Я написал детскую книжку «Занимательная Греция». У Мольера педант говорит: «Я предпринял великое дело: переложить всю римскую историю в мадригалы»; а я – всю греческую историю в анекдоты. (О технике греческого анекдота я всю жизнь мечтал написать исследование, но написал только две страницы – в преамбуле к одному комментарию.) Писал я для среднего школьного возраста, знающего о Греции ровно столько, сколько написано в учебнике Коровкина, потом прочитал несколько глав перед студентами – им оказалось интересно; потом перед повышающимися преподавателями – им тоже оказалось интересно. Философы говорили: «Все очень хорошо, но про философию, конечно, слабее»; искусствоведы говорили: «Все очень хорошо, но про искусство, конечно, слабее»; я заключил, что вышло как раз то, что нужно. Может быть, поэтому, а может быть, по чему другому книжка прождала издания четырнадцать лет. Я думаю, что это самое полезное, что я сделал по части античности. (С. 313-314, из статьи "Античность")

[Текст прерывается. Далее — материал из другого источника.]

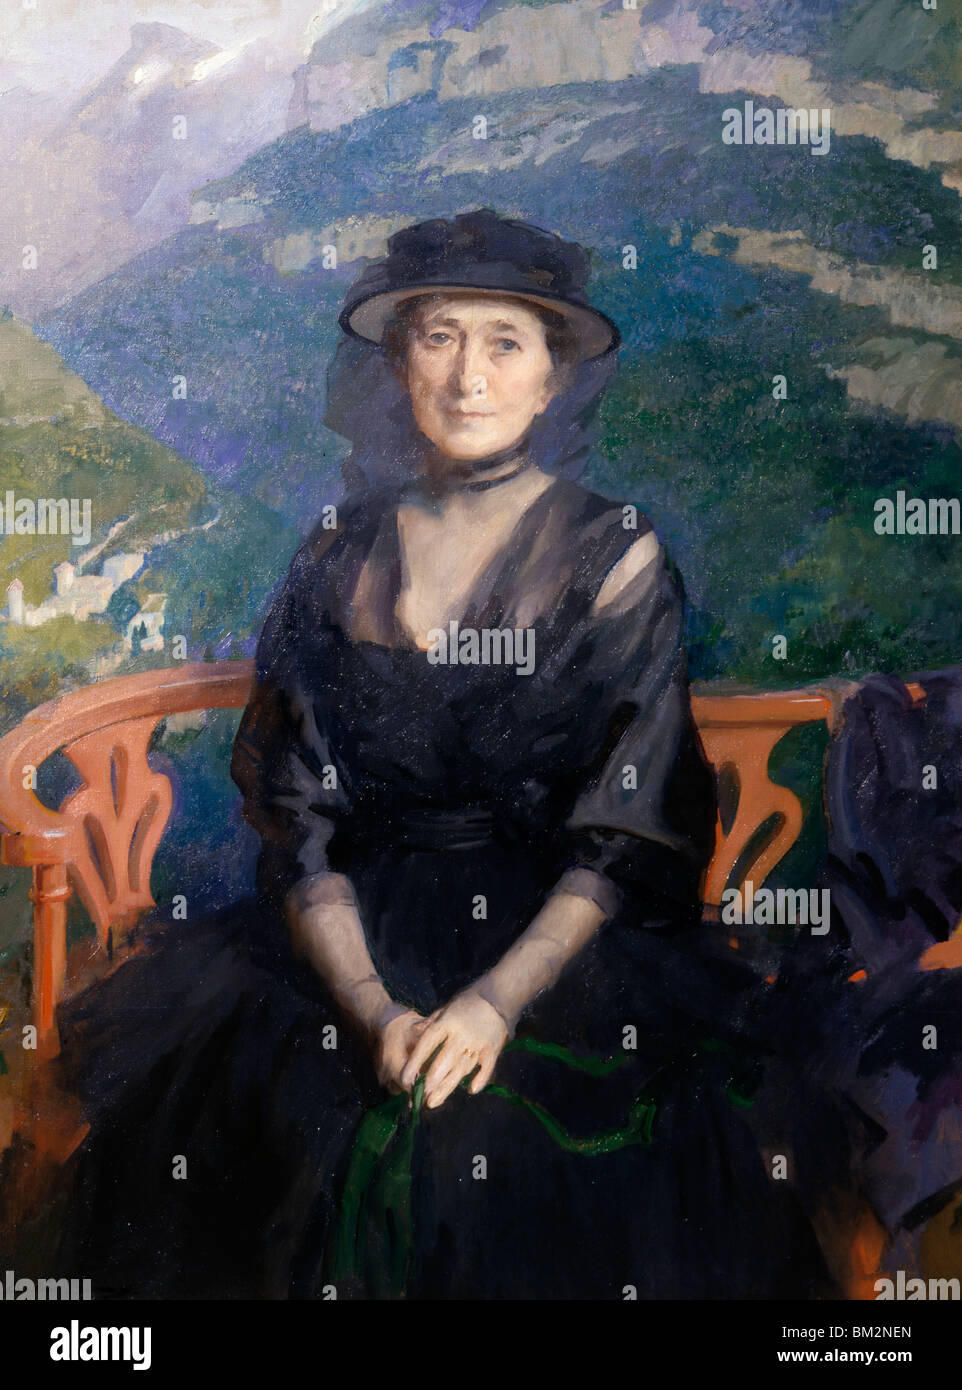 L'élégance par Cecilia Beaux, huile sur toile, (1855-1942), Etats-Unis, New York, Philadelphie, David David Gallery Banque D'Images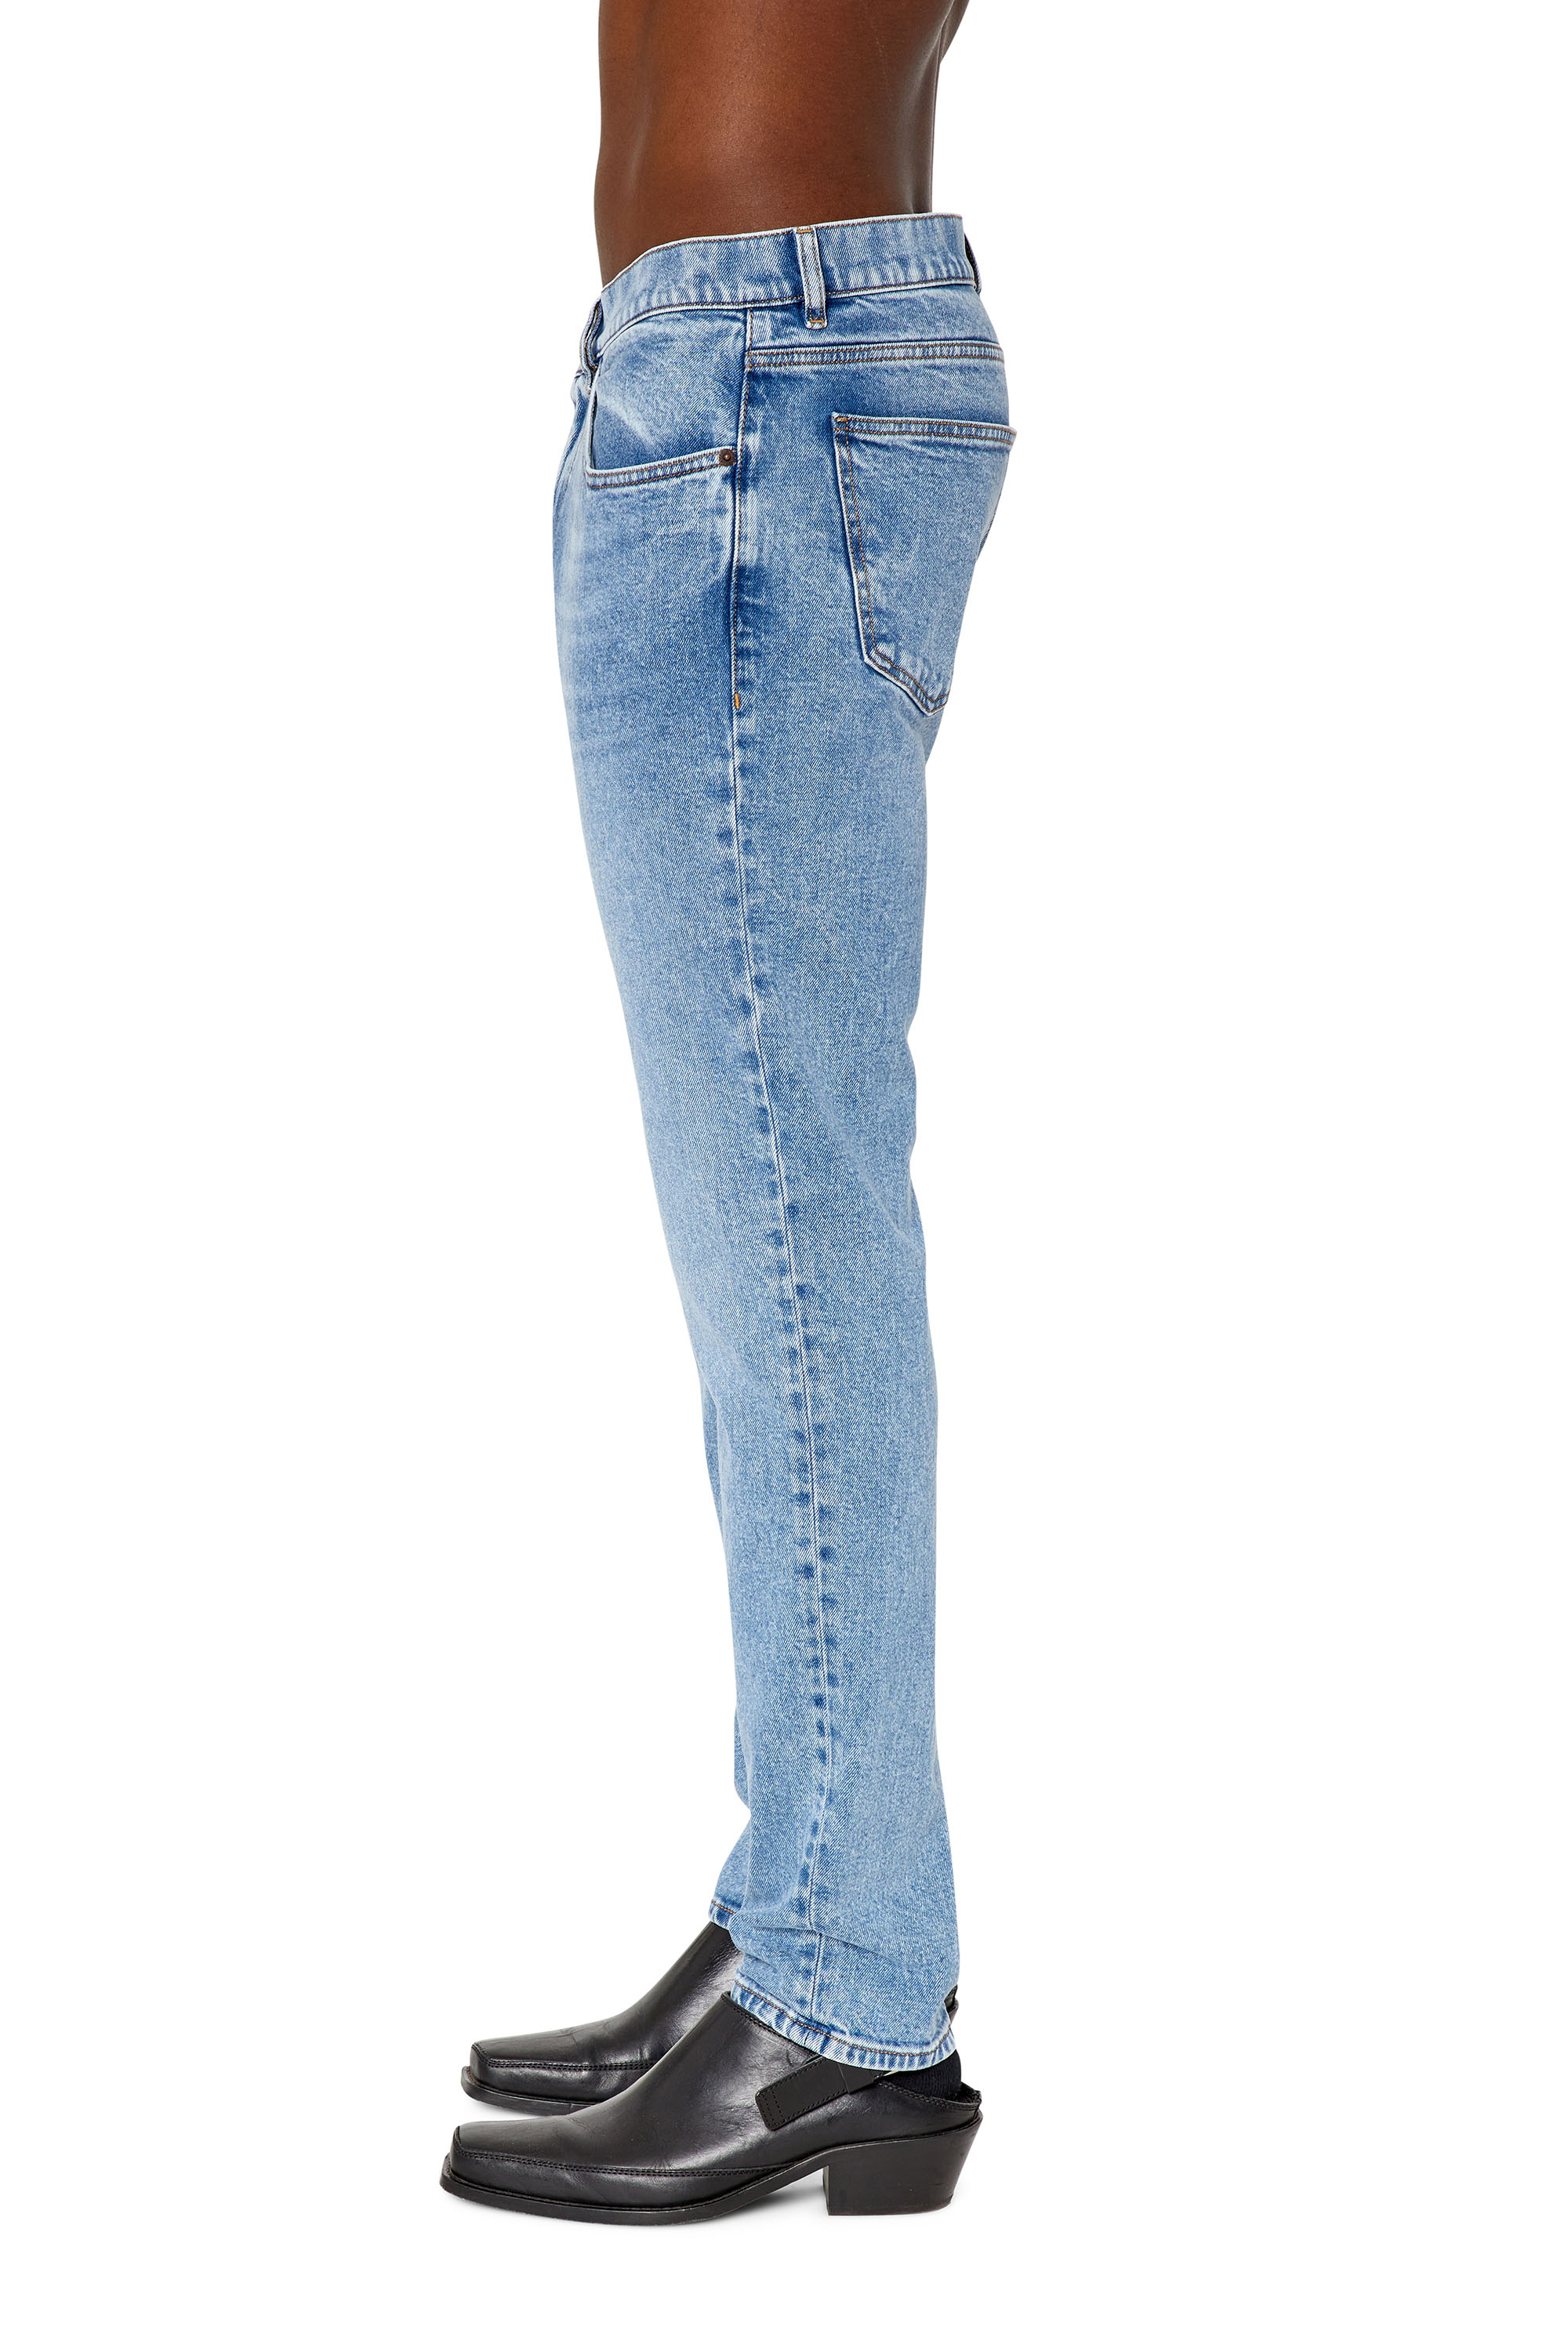 Diesel - Slim Jeans 2019 D-Strukt 9B92L, Light Blue - Image 4

...«Поэтика» Аристотеля. Здесь точность перевода должна быть буквальной, потому что каждое слово подлинника обросло такими разнотолкованиями, что всякий выбор из них был бы произволен. А стиль «Поэтики» – это стиль конспекта «для себя», в котором для краткости опущено всё, что возможно и не возможно. Перевести это дословно – можно, но тогда пришлось бы рядом приложить для понятности развернутый пересказ. Я постарался совместить это: переводил дословно, но для ясности (хотя бы синтаксической) вставлял дополнительные слова в угловых скобках: пропуская их, читатель мог воспринять стиль Аристотелевой записной книжки, а читая их – воспринять смысл его записи. Так как греческий синтаксис не совсем похож на русский, то пришлось потратить много труда, чтобы сделать такое двойное чтение возможным. (С. 322, из статьи "Переводы")
dzatochnik: (Default)
Цитаты:

Отношение Брюсов мотивировал изобретение одностишия: во многих больших стихотворениях хорош только один стих на фоне слабых – будем же записывать только эти строки, а фон уберем. Не получилось: на странице одностиший ощущаются хорошими только одно-два, а остальные уходят в фон. Важным оказывается не стих, а соотношение между стихами. (С. 271)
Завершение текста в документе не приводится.